So, What Is Squaredle?

If that’s your first question, we have the answer. Squaredle is a word unscrambler game that takes inspiration from Wordle, Boggle and other popular word games. Each daily puzzle generates a collection of letters in a 4 x 4 square (or a 5 x 5 square for certain puzzles). You need to sort out every word you can find in the letters and hit the minimum goal for the day. 

You can also keep going and find every possible word in the puzzle. For the completists out there, Squaredle caters to your desire to go all-out. The game also has an active leaderboard for sharing scores and words found, which gives you even more of a reason to find every word

Squaredle Stats and Figures

Since the Squaredle’s original launch on March 5, 2022, the game has earned a dedicated following and player base. Here’s a breakdown of the Squaredle game’s stats and player data (as of July 2022).

  • 120,000+ unique players to date

  • 30,000+ average weekly players: 

  • 18,000 average daily visitors

  • 5% of daily players have a Squaredle Squared premium subscription

  • 80% of Squaredle players play from their phones

  • Top 10 countries: United States, United Kingdom, Canada, Australia, New Zealand, India, Ireland, South Africa, Singapore, France

  • Top 10 cities: New York City, Chicago, Los Angeles, London, Atlanta, Philadelphia, Sydney, Washington D.C., Toronto, Seattle

As you play Squaredle throughout the week, the puzzles become progressively harder. The player statistics reflect this.

  • Mondays (start of the week): The average player finds approximately 90% of the required words, and 75% of players finish the puzzle. 

  • Sundays (end of the week): Players find approximately 60% of the day's words on average, but only 25% manage to finish all the words.

For daily Squaredle updates and stats, follow @SquaredleApp on Twitter.

Screenshot of Squaredle online gameScreenshot of Squaredle online game

How to Play Squaredle

Do you need a better rundown of how Squaredle works?

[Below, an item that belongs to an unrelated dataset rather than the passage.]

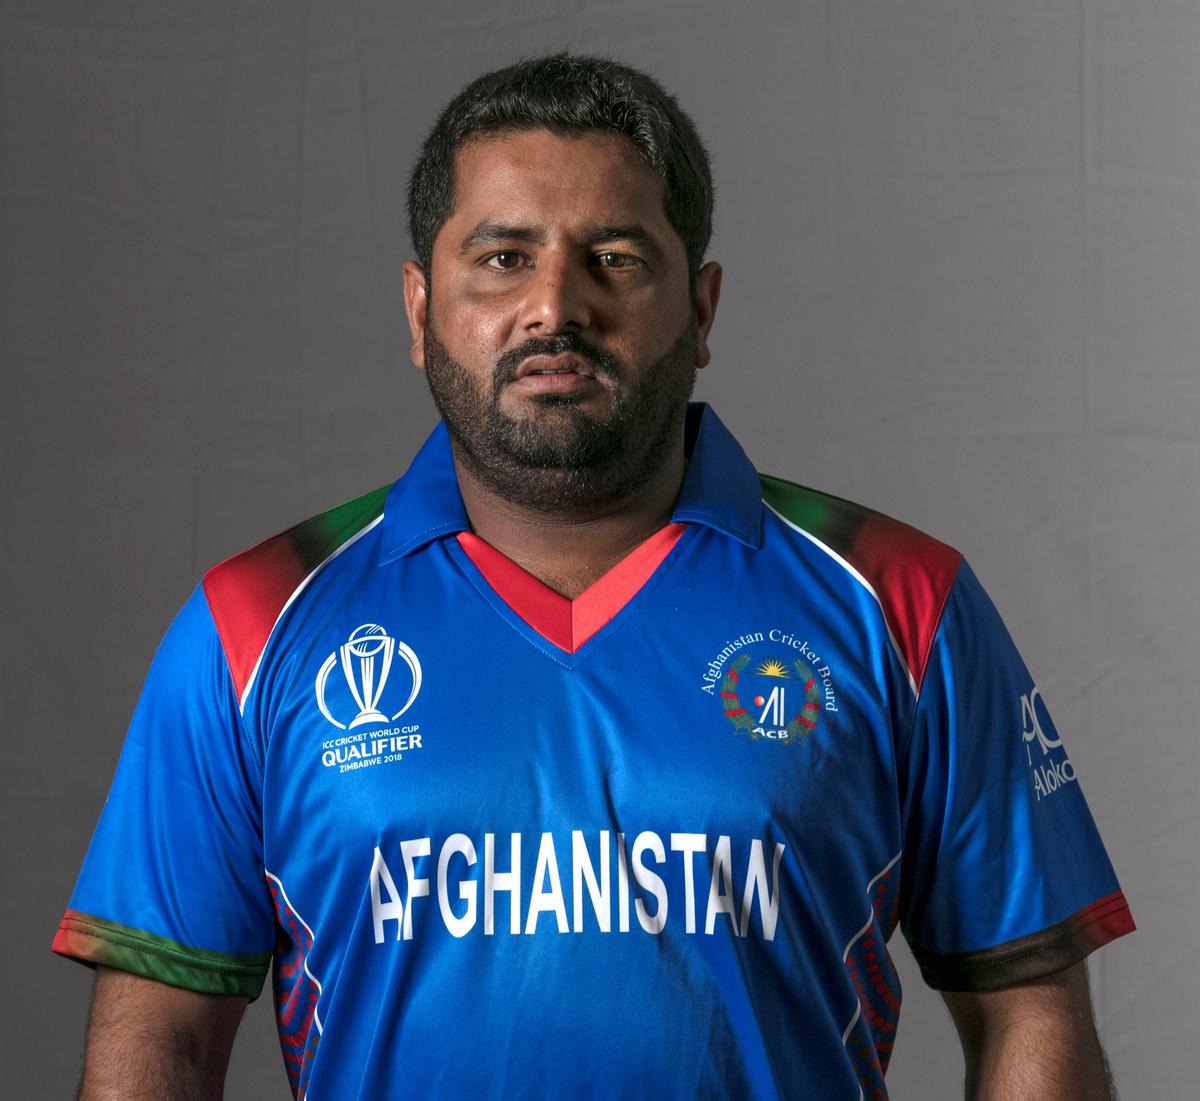 afghanistan cricket jersey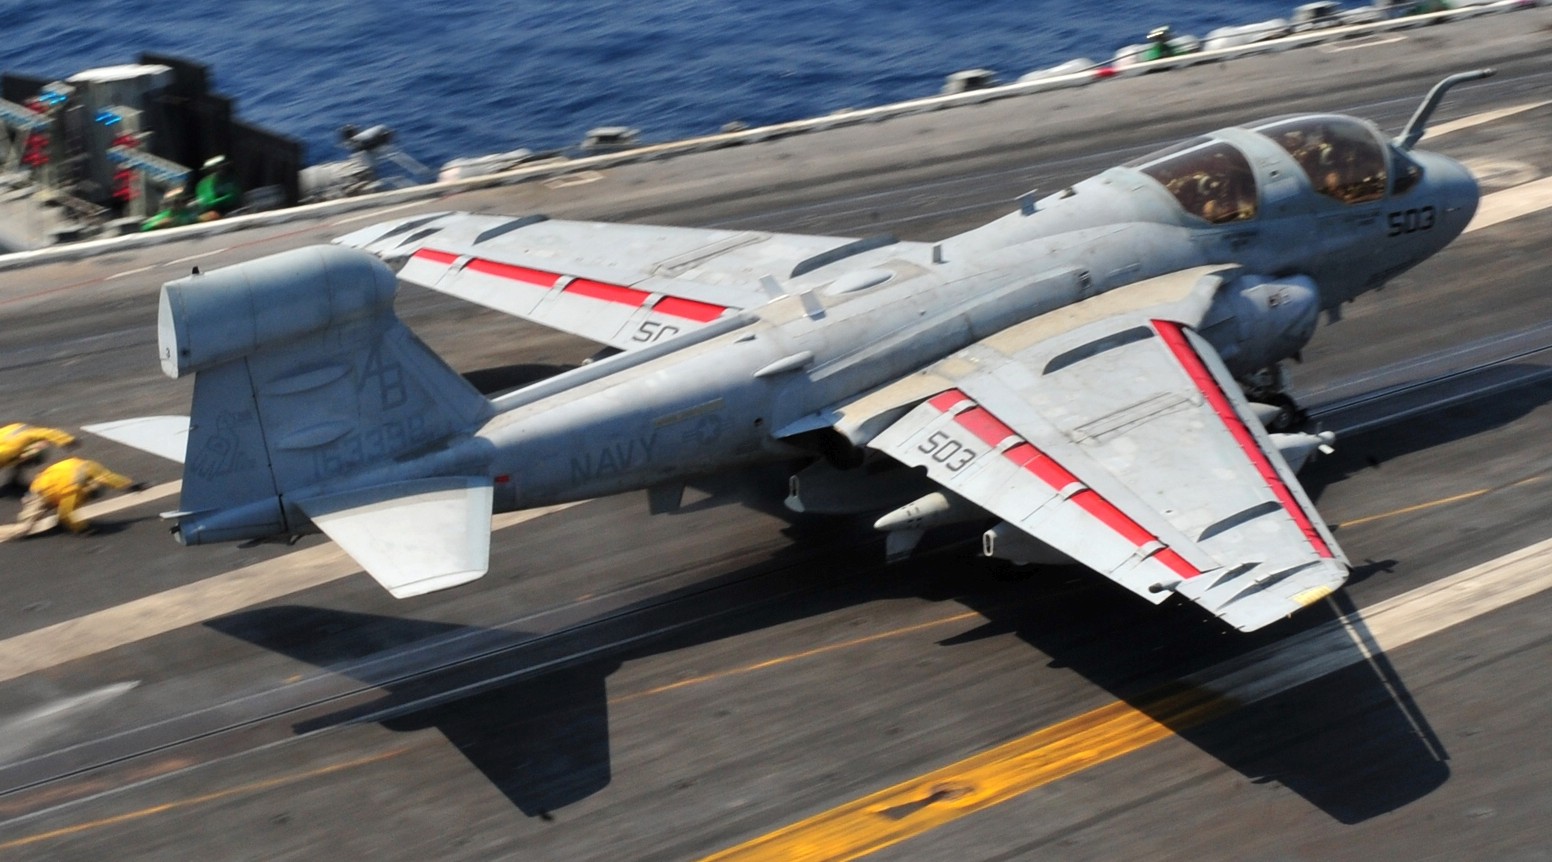 vaq-137 rooks electronic attack squadron us navy ea-6b prowler carrier air wing cvw-1 uss enterprise cvn-65 21

That’s fine, we’re happy to help.

  1. When you start a puzzle, you’ll see the square of random letters. Tap and hold any of the letters to begin making a word

  2. Drag your finger or cursor across the other letters to complete the word. You can move horizontally, vertically or diagonally, but you can only use each letter square once. 

  3. If the word is valid, the game will add points to your total score. It will also tell you how many words are left (per word length).

  4. Every word you form must be at least four letters long.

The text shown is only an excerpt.